Former U.S. Secretary of Energy Ernest Moniz capped the first half of a two-day commemoration of the first sustained nuclear chain reaction achieved at the University of Chicago 75 years ago this week.
Moniz detailed the complex challenges posed by nuclear weapons in the current global security landscape as well as continued ways to harness benefits from nuclear technologies.
In his current work heading the nonprofit Nuclear Threat Initiative, Moniz said, he’s focusing on practical steps toward managing risk and reducing threats. “It is for us to think clearly about those, and to work at solutions to be ready when the opportunity appears,” said Moniz, a physicist and professor emeritus at the Massachusetts Institute of Technology who served as energy secretary from 2013 to January 2017.
Moniz’s talk concluded a half-day exploration through discussions and art of the legacy of Chicago Pile-1, the experiment on Dec. 2, 1942 that produced the first controlled chain reaction.
Augusta Read Thomas, University Professor of Composition, debuted a work written for the commemoration, “Plea for Peace,” a five-minute wordless arrangement for soprano and string quartet.
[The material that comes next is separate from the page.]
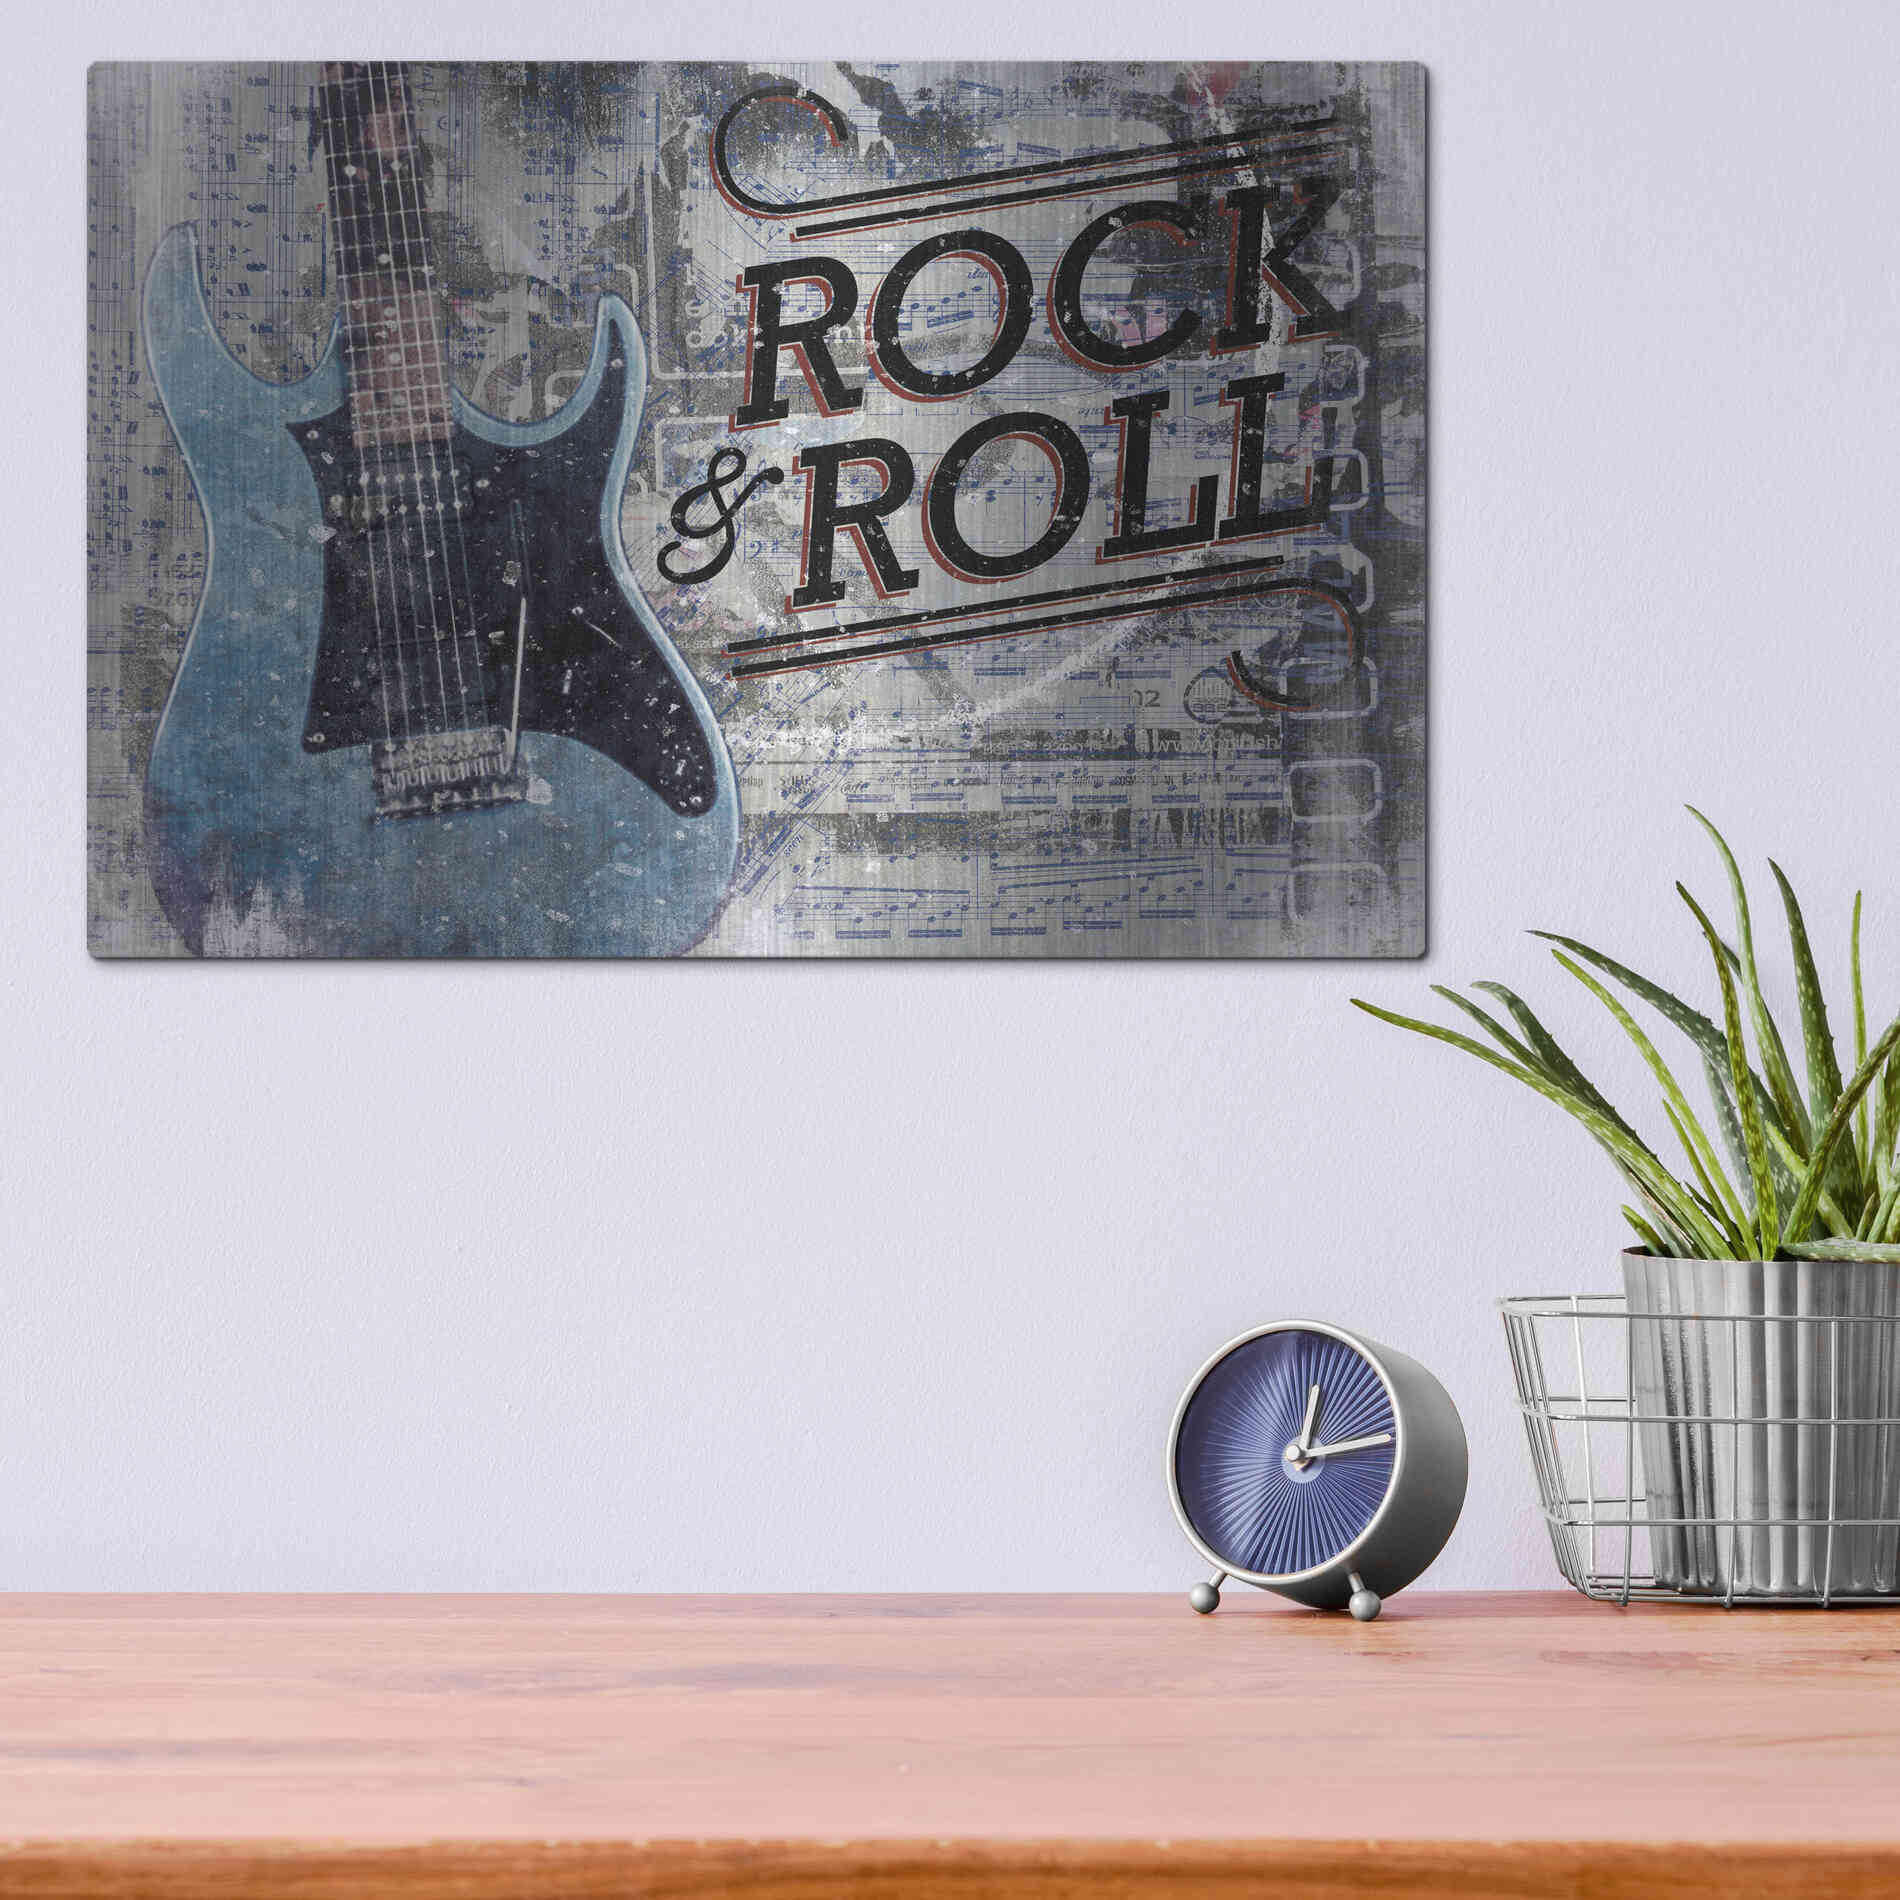 Luxe Metal Art 'Rock & Roll Guitar' by Cloverfield & Co, Metal Wall Art,16x12

Civil rights attorney and former WBEZ talk show host Gretchen Helfrich moderated three panels on different aspects of the nuclear legacy, in which experts discussed what nuclear energy could offer the fight against climate change, the greatest threats from nuclear weapons to world security and the evolving field of nuclear medicine.
“It was a very interesting event—it really helped lay out how we need to decide what to do with the technology as we go forward,” said Jared Kerman, a second-year student in the College. “I think it’s really emblematic of the commitment to rigorous inquiry here at the University, that we don’t talk about nuclear’s incredible benefits to humanity without also discussing the consequences.”
As energy secretary, Moniz oversaw stewardship of the nation’s nuclear weapons and national laboratories as well as helping to broker the 2015 agreement to halt Iran’s path toward developing nuclear weapons.
He said creativity and open dialogue were both key toward continuing to reduce risk from nuclear proliferation: Many aspects of the Iran agreement were novel, and could form a basis for future agreements with other countries with nuclear aspirations.
But given the right course, nuclear technology also could play a role in alleviating another existential threat to humanity, Moniz said: climate change. He called for testing innovative ideas in nuclear energy. “We’ve got to find out if that dog hunts,” he said of new concepts in advanced nuclear energy, such as “small modular reactors”—small-sized enclosed reactors that may offer security, cost and economic advantages over full-sized plants.
The CP-1 commemoration will conclude Dec. 2 with a day of arts programming, including a pyrotechnic artwork piece by internationally renowned artist Cai Guo-Qiang, followed by a 28-minute piece for carillon entitled “The Curve is Exponential,” by UChicago PhD candidate Ted Moore, which will be performed by University Carillonneur Joey Brink.
Saturday’s events also will include a movement piece by Emily Coates, choreographer and adjunct professor at Yale University; Young-Kee Kim, the Louis Block Distinguished Service Professor and chair of the Department of Physics; and Sam Pluta, assistant professor of composition; as well as new music by PhD candidate Ted Moore, Amelia Kaplan, PhD, Clifton Callendar, PhD, and graduate student Kevin Kay; and a performance by the University Symphony Orchestra.